Summary of the project: Ataxia-Telangiectasia (A-T), is an untreatable disease caused by mutations in ATM gene, and can affect 1 in 40,000 births. A-T manifests as early onset neurological decline, profound immunodeficiency, and cancer. Patients have an average life expectancy of 25 years, a figure that has not changed since the 1950s. A recent set of precision gene-editing technologies have the potential to introduce genetic corrections of different sizes, while preserving the regulation of the gene expression. We hypothesize that ATM functionality can be rescued in vivo, with our goal to develop preclinical precision gene editing strategies and delivery methods for potentially curing A-T, a major unmet medical need.

Lauriane LEMELLE

Title of the project: Investigating the role of Hippo/YAP1 pathway during neuroblastoma’s metabolic reprogramming

Current place of work: Pediatric Oncology Center SIREDO, Institut Curie, 26 rue d’Ulm 75005 Paris.

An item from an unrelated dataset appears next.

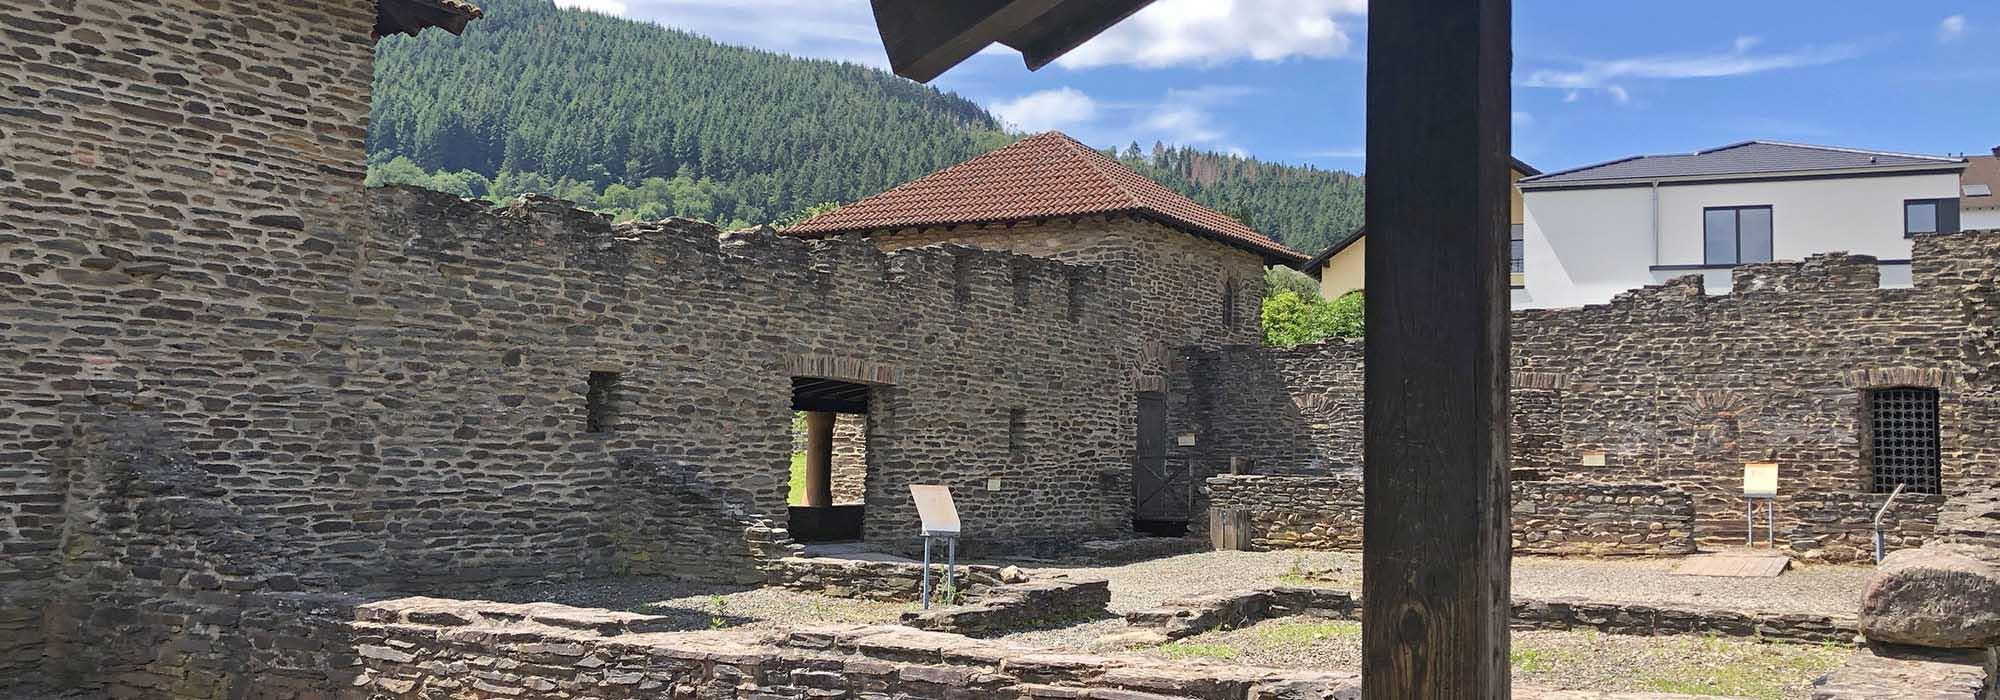 Villa-Rustica-IMG_8378

Fellowship location: Pr Franco Locatelli lab, supervisor Dr Angela Di Giannatale, Ospedale Pediatrico Bambino Gesu, Roma

Summary of the project: Neuroblastoma (NB) is the most commonly extra-cranial solid tumor in children. Despite intensive multimodal therapy, patients with high-risk and relapsed NB face a poor prognosis. Therefore, the understanding of mechanisms involved in aggressiveness and dissemination is fundamental in order to develop new therapeutic approaches. YAP1, a downstream effector of the Hippo pathway, has been reported to be a prognostic factor in many tumors, including pediatric cancers such as NB. Indeed, it has been demonstrated that YAP1 contributes to cell identity, tumor initiation, metastasis, angiogenesis, and resistance to chemotherapy. Specifically, YAP1 transcription activity has been showed to be increased in high-risk and relapsed NB suggesting its potential role in tumor’s aggressiveness. Among its different functions, YAP1 is involved in glucose metabolism both in normal and cancerous cells. Recent researches have shown that YAP1 is able to regulate the expression of glucose transporter of the GLUT family. The role of YAP1 in metabolic activity is little known in NB and thus a deeper study of this aspect could lead to the identification of therapeutic targets. In this work I will investigate the expression of YAP1 and GLUT transporters in NB cell lines and tissues and explore the down-stream interactors of YAP1, which are involved in metabolism. I will study the role of YAP1 in NB metabolism and if YAP1 could modulate exosomes release and content. Lastly, I will explore the potential prognostic value of circulating exosomes as metabolic related disease biomarkers in NB patients.